All work, with little play.
Tiny, clumsy hands learned to whisk up a proper cup of matcha.
Tiny, chubby fingers re-learned how to mend torn seams and embroider delicate fabric.
Tiny, child's brain yearned to make use of the adult knowledge it remembered.
Otherwise, it would sit like a stagnant reservoir and sooner or later evaporate. She had to figure up a plan before then. Make use of the time, of the people, to—frankly—get the hell out.
She knew the drill. Could recall most of the story from start to end, and a bit past—but not too much, because sequels never quite lived up to the originals. But there was no use in whining about that when she'd been plopped right in the middle of one of the most harrowing times of shinobi history.
She didn't want any part of it.
Even if she had a sweet, gentle mother and a pretty adorable and devoted twin. There was Butsuma, too, and, well… He was the one who'd saved her, anyway.
(Why, why, why?)
The other three brothers, she didn't see much of. Ultimately, she had to leave while emotional connections were weak—better not to get too attached to a family that was doomed to die. Tobirama and Hashirama, not as soon as the others, but death came for everyone eventually.
Sometimes twice.
Even so, where would she go…? Arguably, she was the safest she could ever be, around someone like Hashirama. Anywhere else, she'd be vulnerable. Alone. A child of barely three, without an inkling of chakra yet.

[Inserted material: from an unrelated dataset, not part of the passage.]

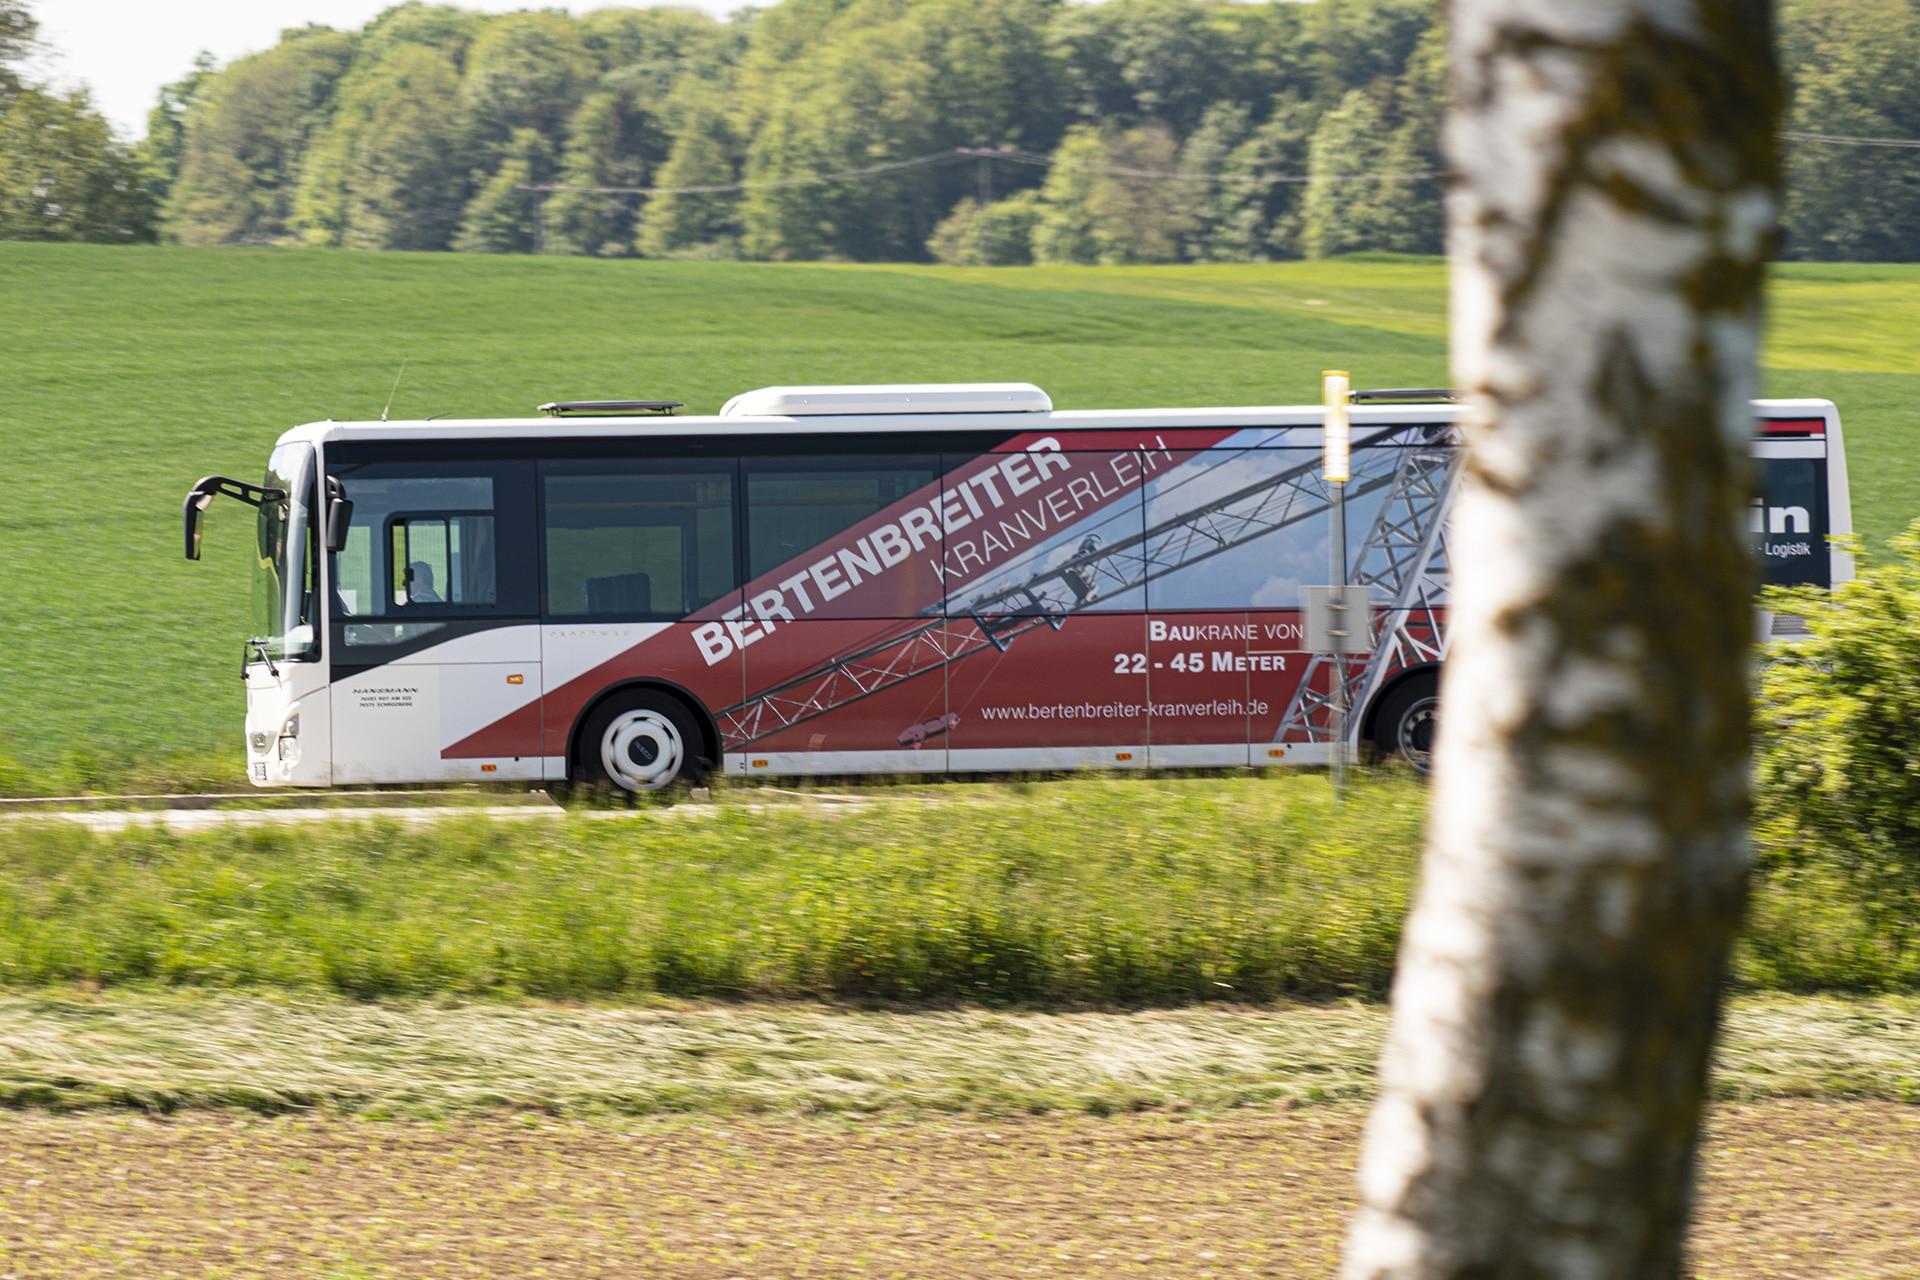 Werbung auf Linienbus für die Firma Bertenbreiter in Michelbach/Lücke
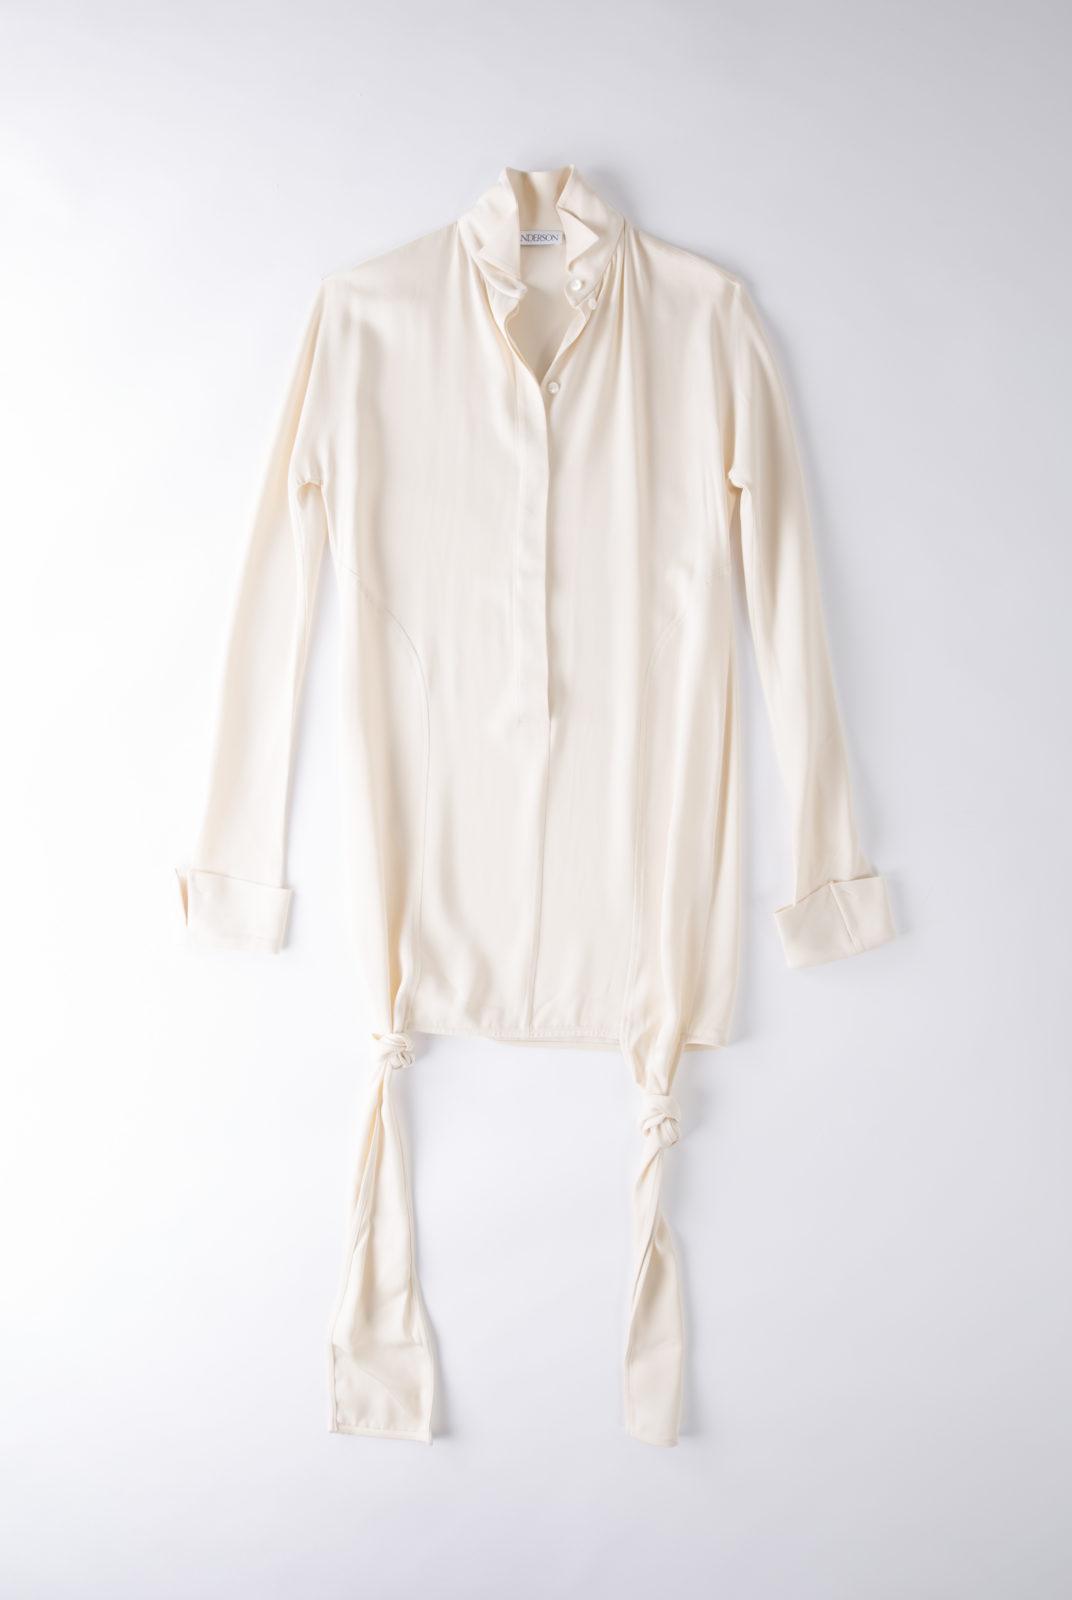 Blouse cream, en tissu double georgette, fluide et féminin, col souple et poignets ouverts, JW Anderson.

But—no. There was still hope on that front, wasn't there? It was in her blood. Her heritage.
Mitsuba put aside the day's laundry (let it drop straight to the mud, where it would need even more scrubbing later on) and set her gaze on one of the few, skinny trees that grew within the compound's walls.
On the leaves that grew from its spindly branches.
Too high up for her to reach—so she dropped to her knees at the base of its trunk and sifted her fingers through the soft, patchy grass in search of a stray one that had fallen.
No luck.
"Mitsu, Mom said you could wash this for—what are you doing?"
One of her brothers—no, not just one of. She knew by the upbeat voice that it was Hashirama who asked the question. And he didn't leave it at that, too curious to just dump his laundry and up and leave like Kawarama or Tobirama would. In fact, she could almost visualize the way his head tilted slightly to the side as his lips parted, much like Itama's, when the shuffling sound of his sandals approached and he stopped at her side.
She looked up when his body blocked the sunlight and met his eyes, blinking owlishly. Without speaking, she rose to her feet and pointed at the branches hanging above them, eyes shifting away from him and following the leaves swaying in the wind.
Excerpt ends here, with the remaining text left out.